Investors timing the market see biggest hit on sector funds

Published Sun, Aug 18, 2024 · 06:50 PM
    • Wealth advisers have long cautioned against attempting to time the market. And investors who sell during periods of volatility often end up sitting in cash and missing out on market rebounds.
    • Wealth advisers have long cautioned against attempting to time the market. And investors who sell during periods of volatility often end up sitting in cash and missing out on market rebounds. PHOTO: AFP

    FOR investors, it’s important to remember there’s power in patience, even as markets churn.

    An average investor loses out on as much as 2.6 per cent in annual gains by straying from a buy-and-hold strategy with certain US mutual funds and exchange-traded funds (ETFs), according to a new Morningstar report.

    Wealth advisers have long cautioned against attempting to time the market. And investors who sell during periods of volatility often end up sitting in cash and missing out on market rebounds.

    “If you get out when the market is down 10 per cent, it’s likely you won’t benefit from the bounce and the recovery,” said Rob Williams, managing director of financial planning at Charles Schwab. “Often you find that once you get back into the market it’s too late.” 

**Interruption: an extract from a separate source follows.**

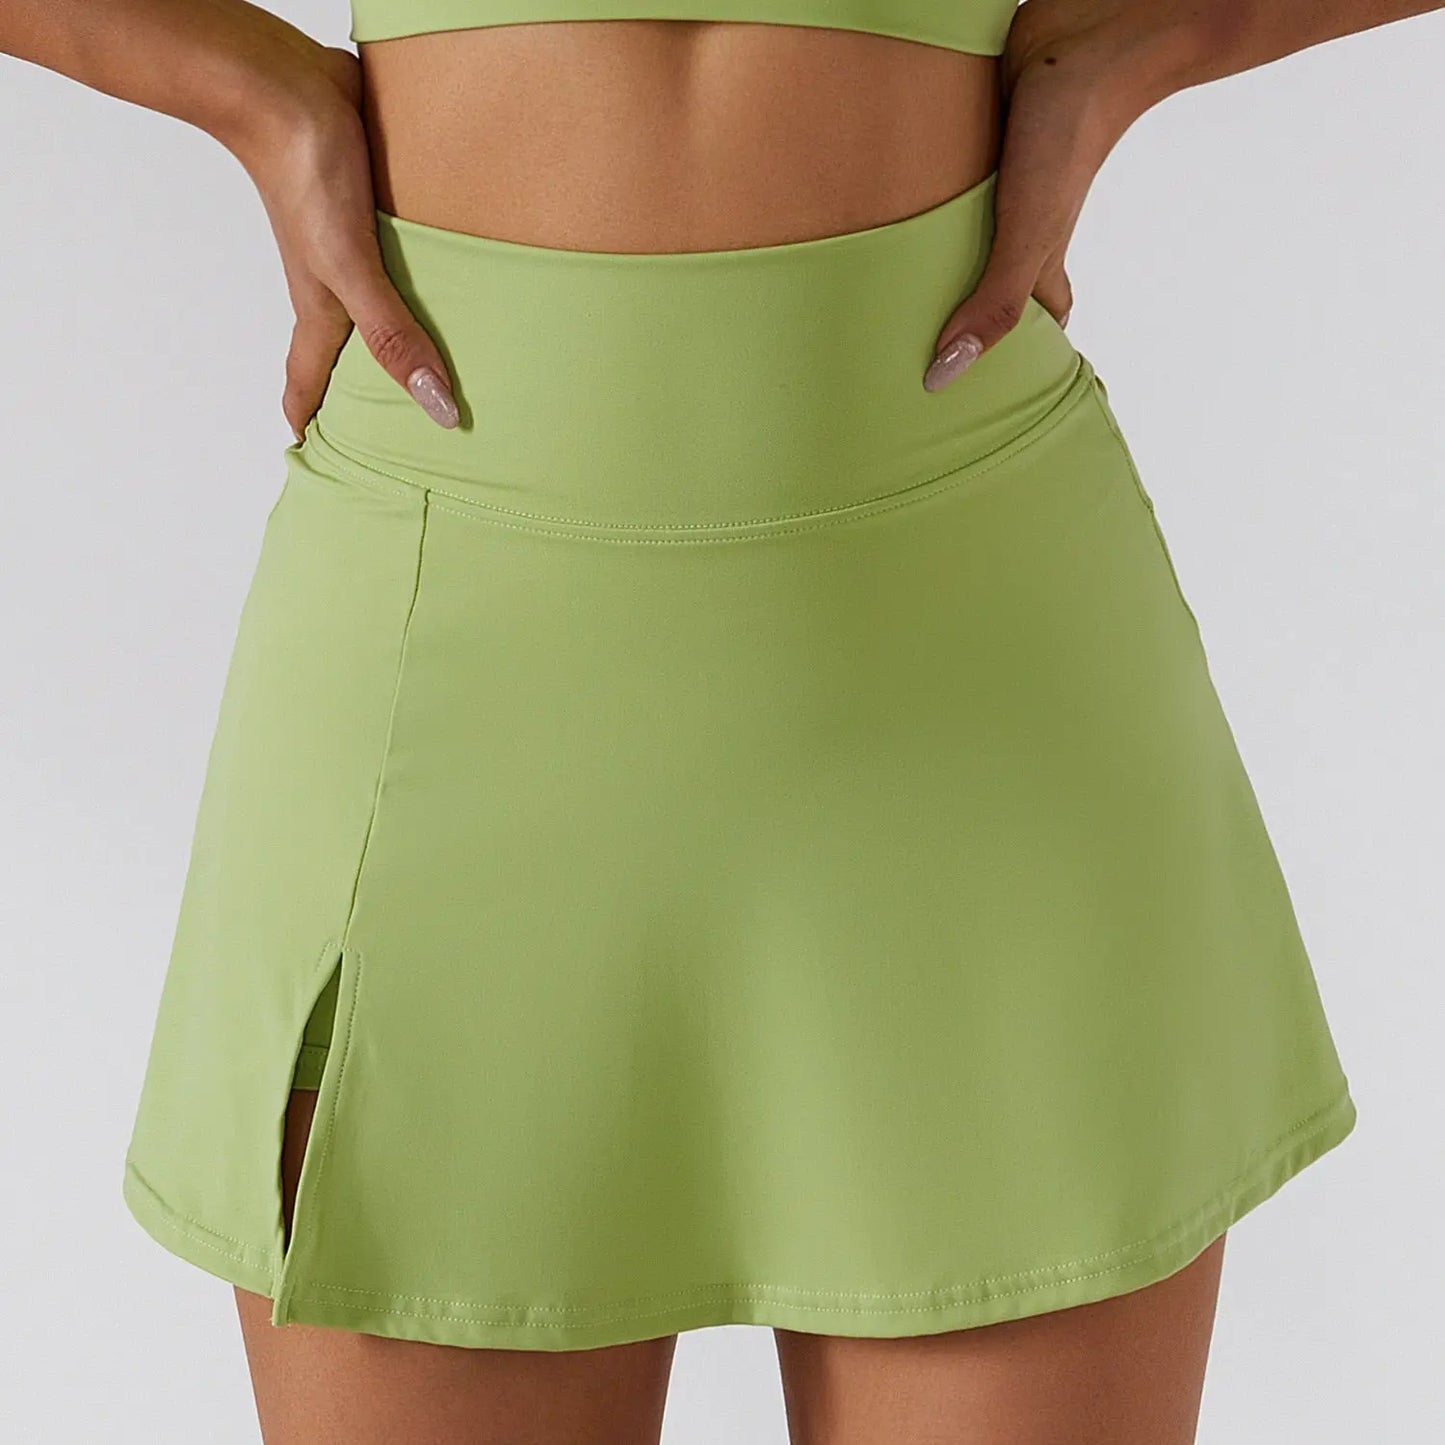 Carolina Yoga Top & Skirt Seperates

    Morningstar’s annual “Mind the Gap” report measured total returns against how an average investor did when accounting for cash flows into and out of funds over a 10-year period ending Dec 31, 2023.

    The largest gap between a fund’s total return and what the report calls the “investor return” was found in narrowly focused sector funds, which showed a negative 2.6 per cent gap annually. This means that while the average sector fund returned 9.6 per cent, the average investor saw a return of about 7 per cent.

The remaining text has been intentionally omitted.